Problem to solve: Return the full listing character for character, without its pictures.

Data shown:
* * * * *

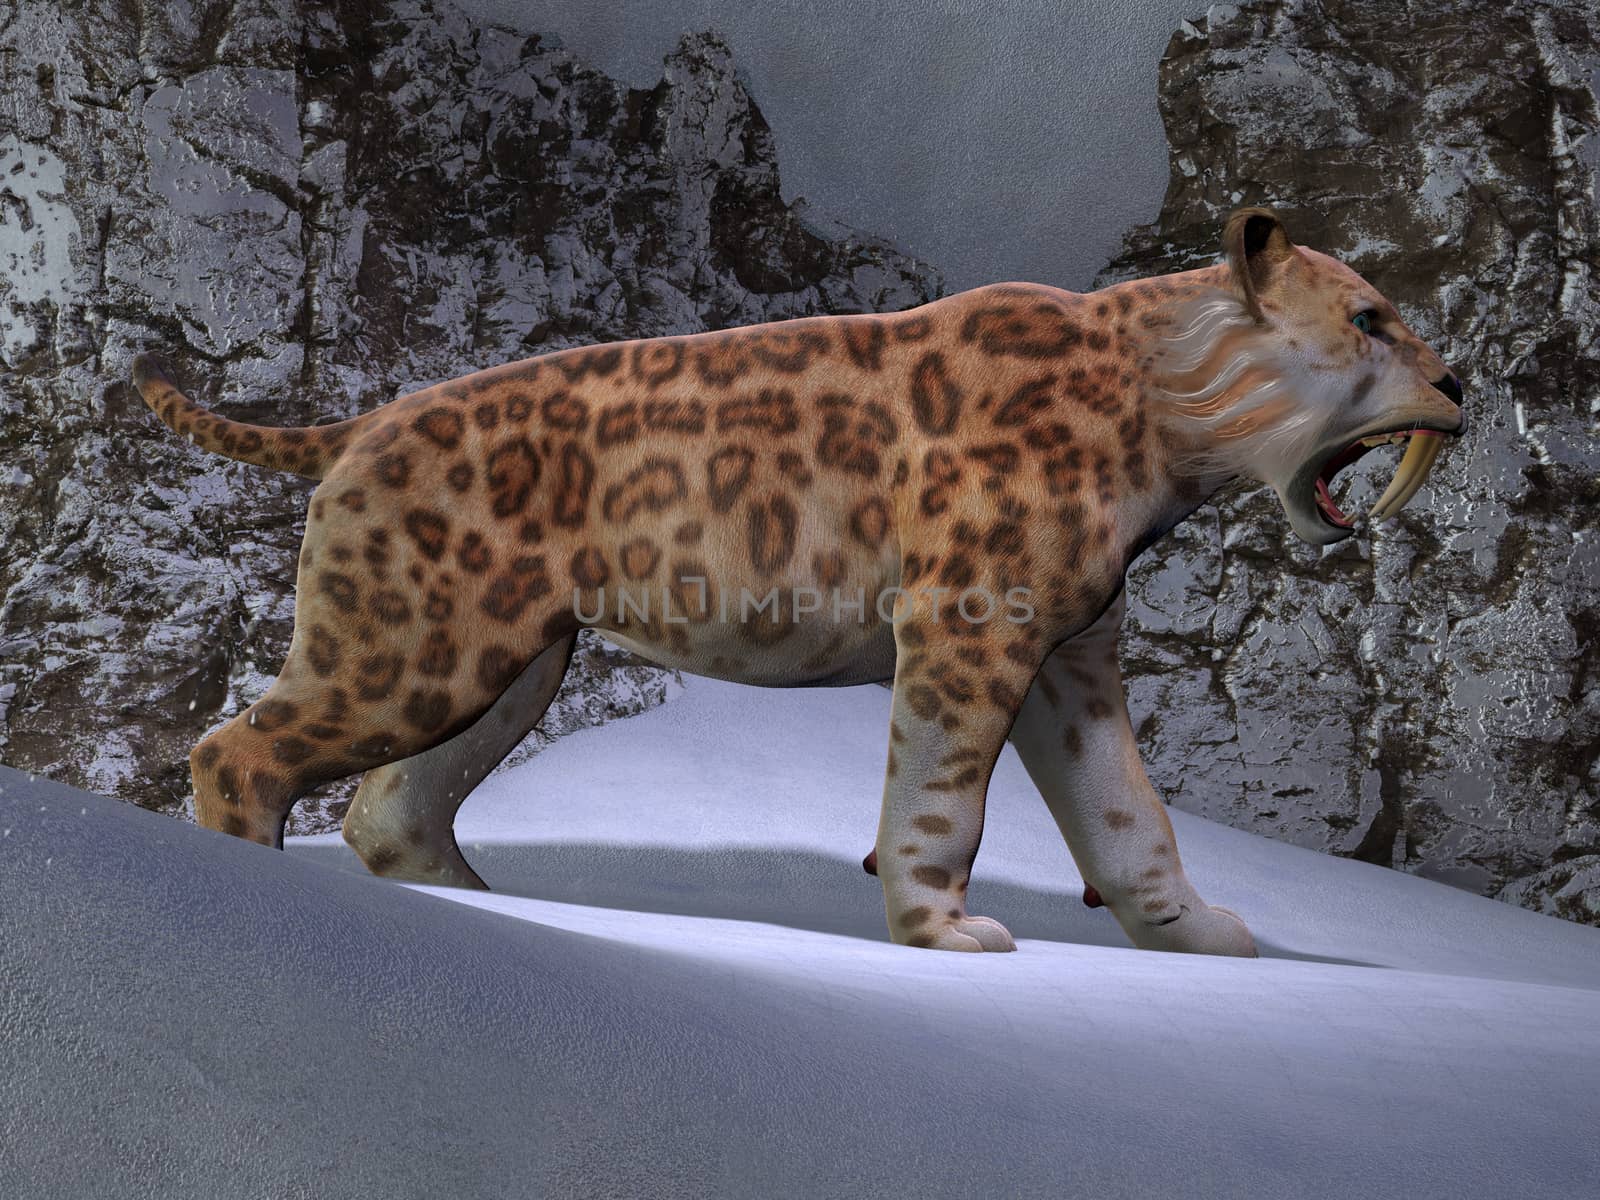 A Saber-toothed Tiger makes his way through the snow as he looks for mountain prey in the Eocene Era.
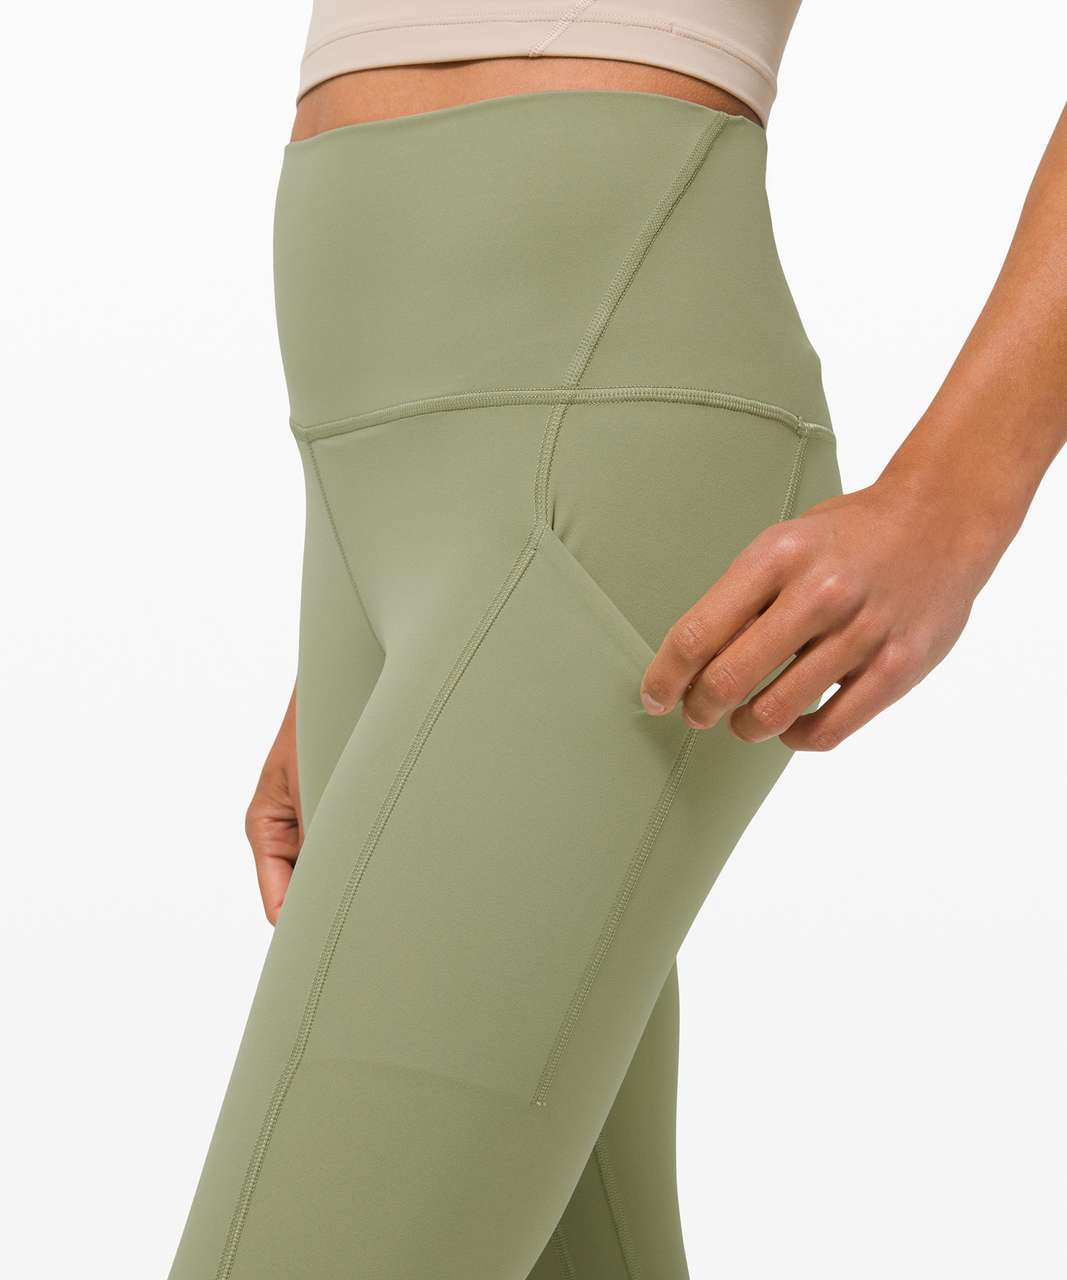 Lululemon Align High Rise Pant with Pockets 25" - Rosemary Green
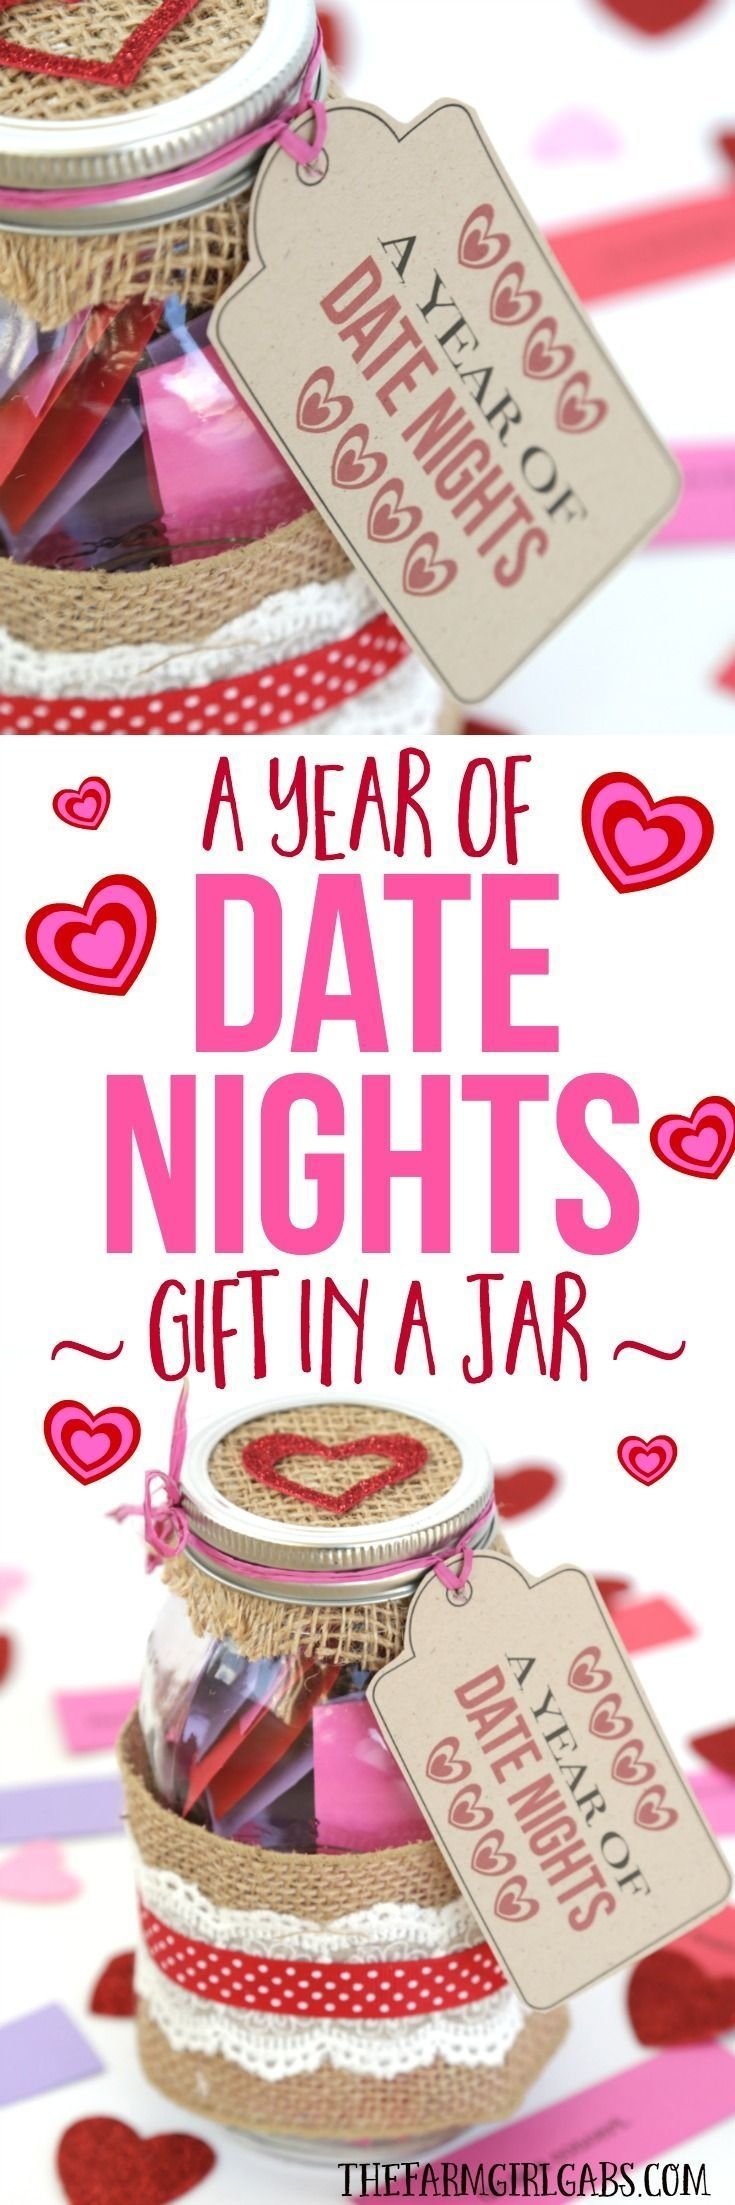 10 Gorgeous Fun Date Ideas Valentines Day 152 best date ideas images on pinterest my love romantic ideas 7 2022

* * * * *

Problem solution:
 A Saber-toothed Tiger makes his way through the snow as he looks for mountain prey in the Eocene Era.
 Lululemon Align High Rise Pant with Pockets 25" - Rosemary Green
 10 Gorgeous Fun Date Ideas Valentines Day 152 best date ideas images on pinterest my love romantic ideas 7 2022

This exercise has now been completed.